Denken Sie an die Seil-Kamerasysteme bei Fußballübertragungen. Diese arbeiten in
einem Raum, der von den Menschen nicht genutzt wird.
Wo liegen im Moment die gravierendsten Probleme bei der Weiterentwicklung?
Es fängt auf der Ebene der Regelungs- und Steuerungstechnik an. Problematisch sind
beispielsweise Schwingungen, die an einer Stelle erzeugt und auf die anderen Seile
übertragen werden. Wie bei einer Gitarrensaite bleibt das System eine gewisse Zeit in
Schwingung und erschwert das exakte Arbeiten in der Kabine. Ein anderes Problem ist der
Arbeitsraum. Denn er ist stark abhängig von der Konfiguration der Seile und wir müssen
die Frage beantworten, welche Aufhängung für beispielsweise die Simulation einer 500
Meter langen Beschleunigung auf einer Startbahn die beste ist, wenn wir real nur fünf
Meter zur Verfügung haben.
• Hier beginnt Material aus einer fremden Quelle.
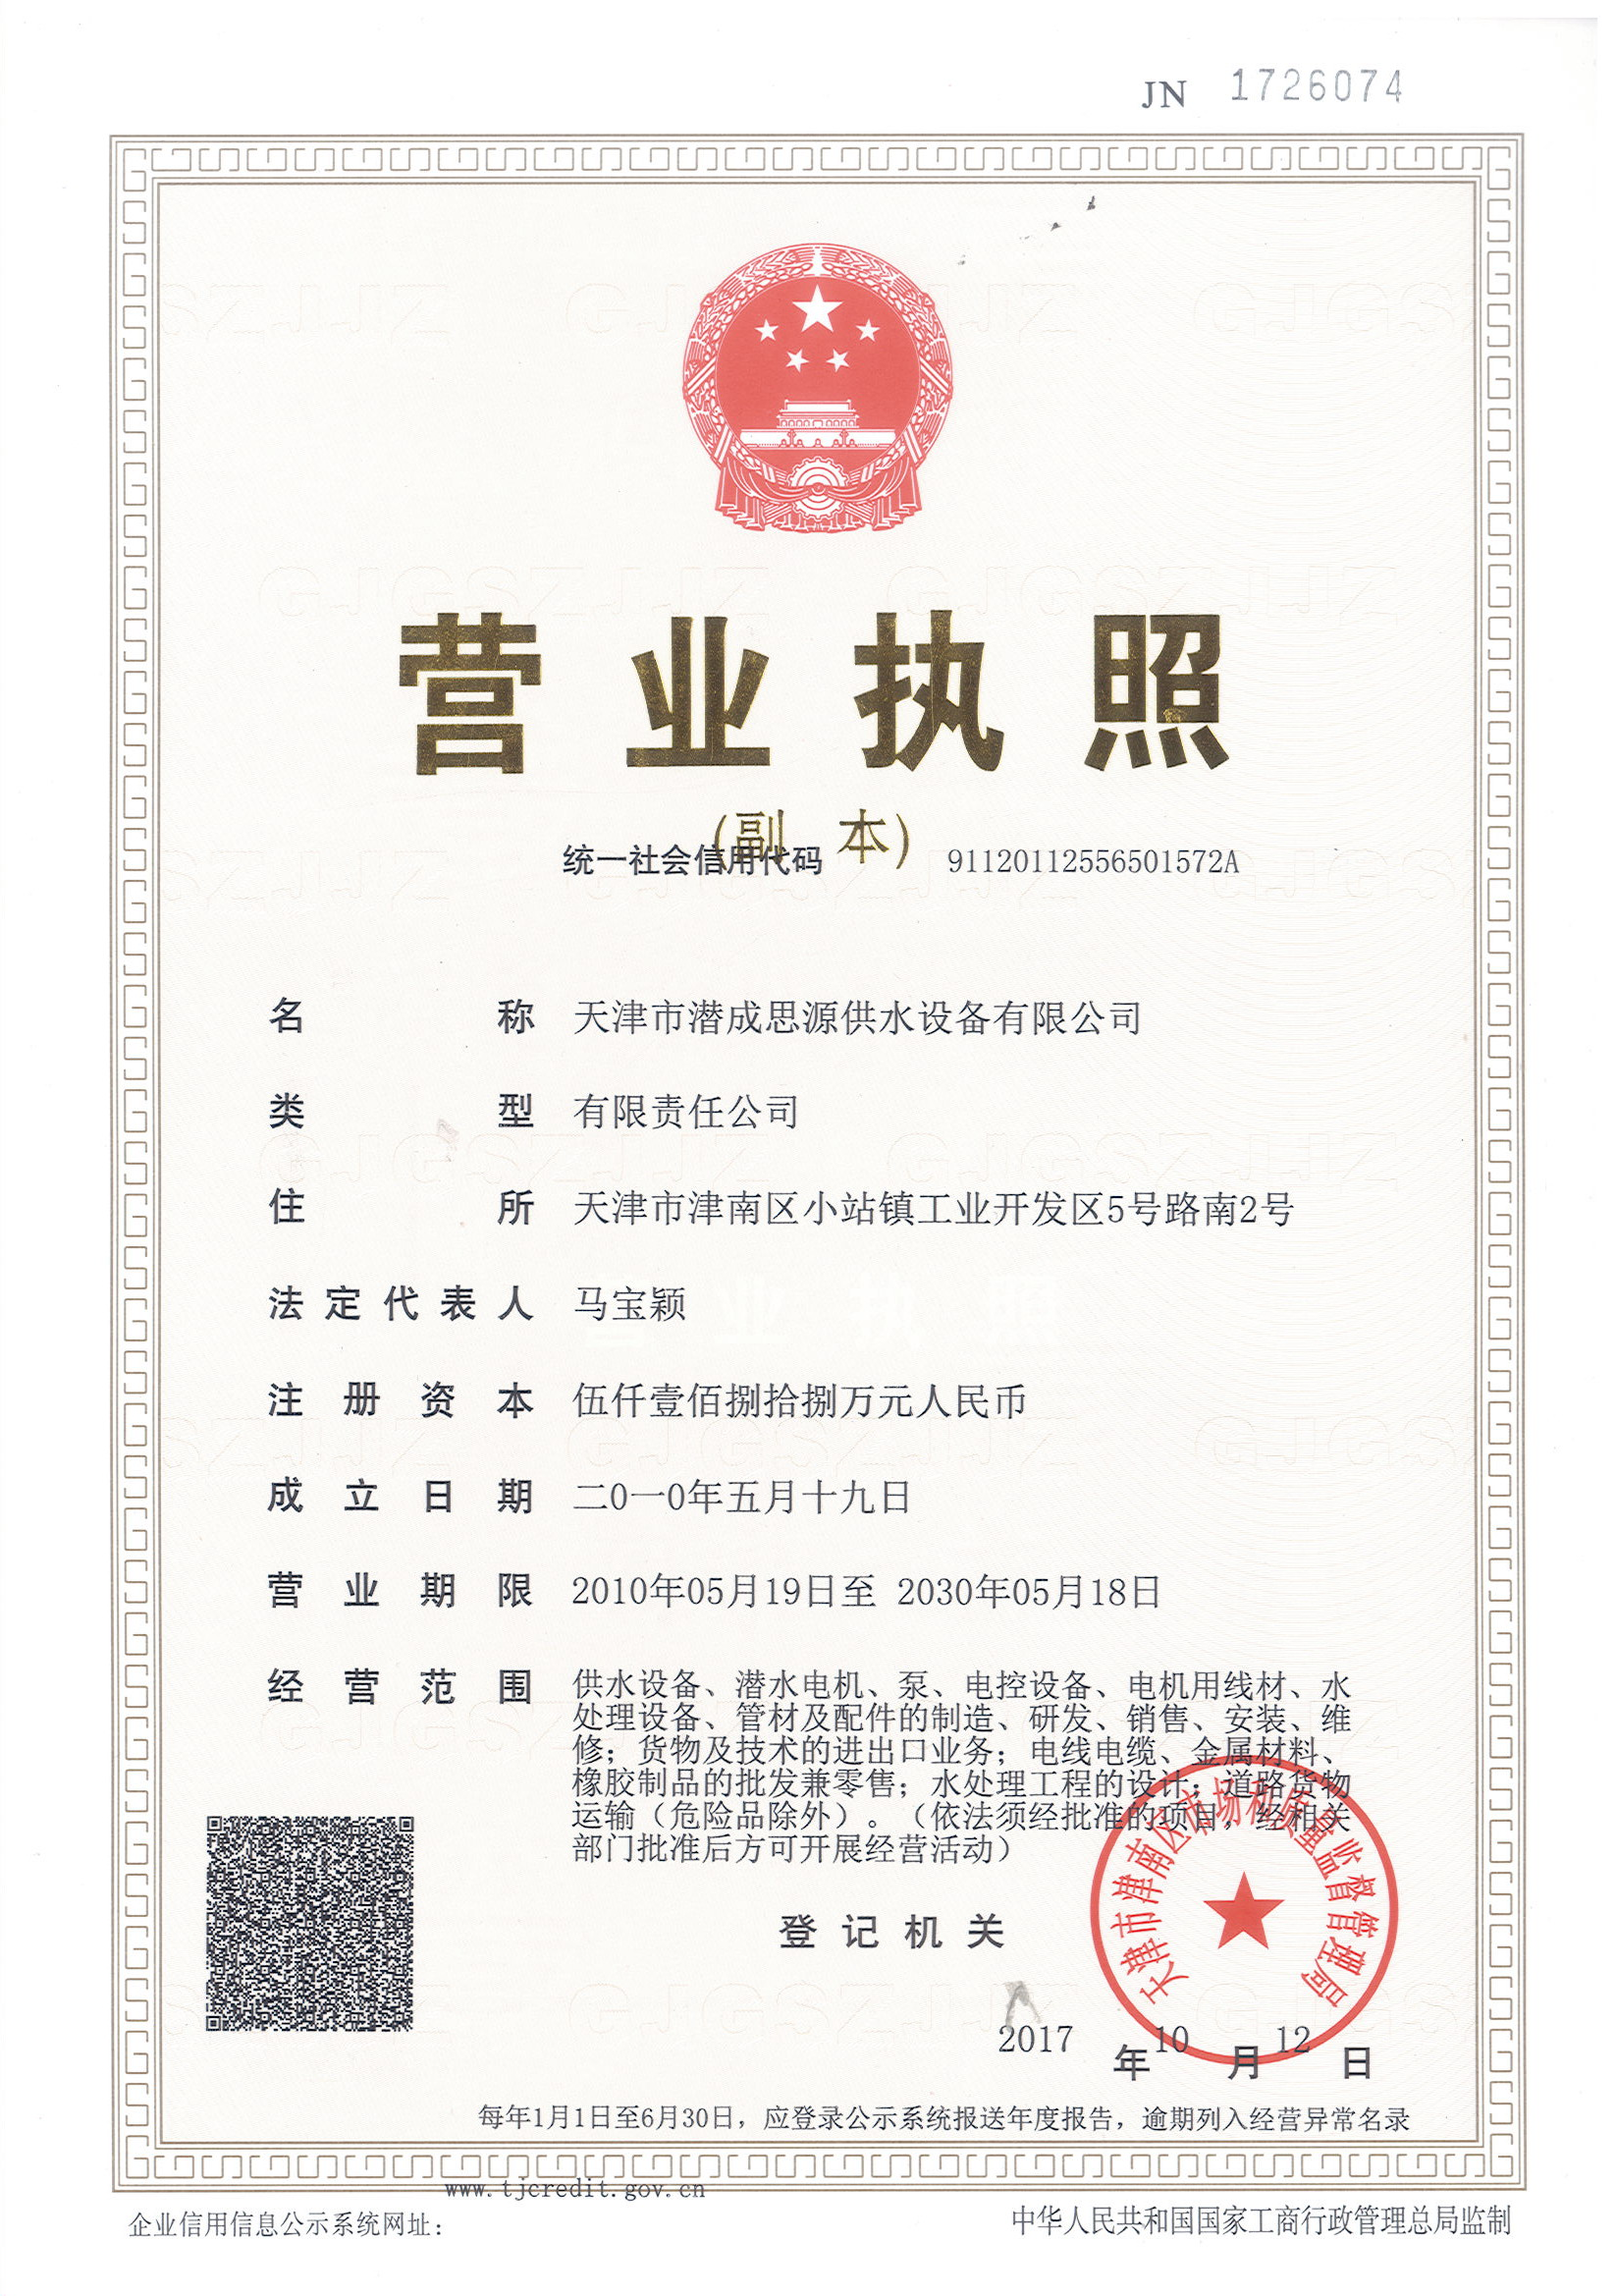 资质荣誉第1张-潜水电机-潜水电泵-高压潜水电机-天津潜成泵业
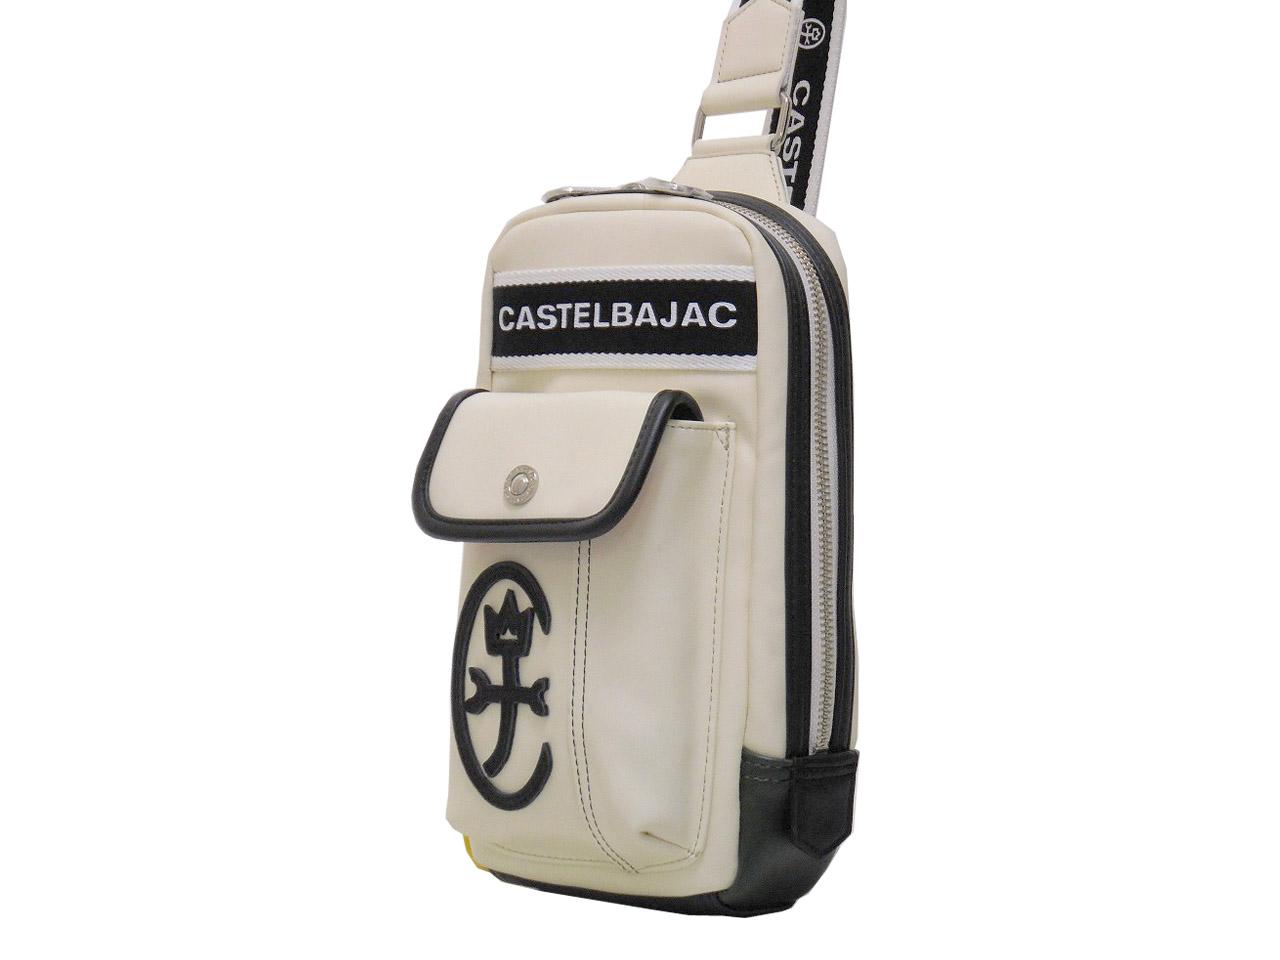 CASTELBAJAC カステルバジャック ドミネ ボディバッグ 送料無料/新品 024912 ついに再販開始 小サイズ ワンショルダー

Dafür müssen wir den Raum sozusagen komprimieren oder
auch Anteile der Beschleunigung weglassen.
Sind Sie selbst schon »Fahrgast« gewesen?
Oh ja. Auch wenn ich für die Entwicklung des Bewegungssimulators mitverantwortlich bin
und die Zahlen kenne. Man merkt erst beim Drinsitzen, wieviel Power das System hat.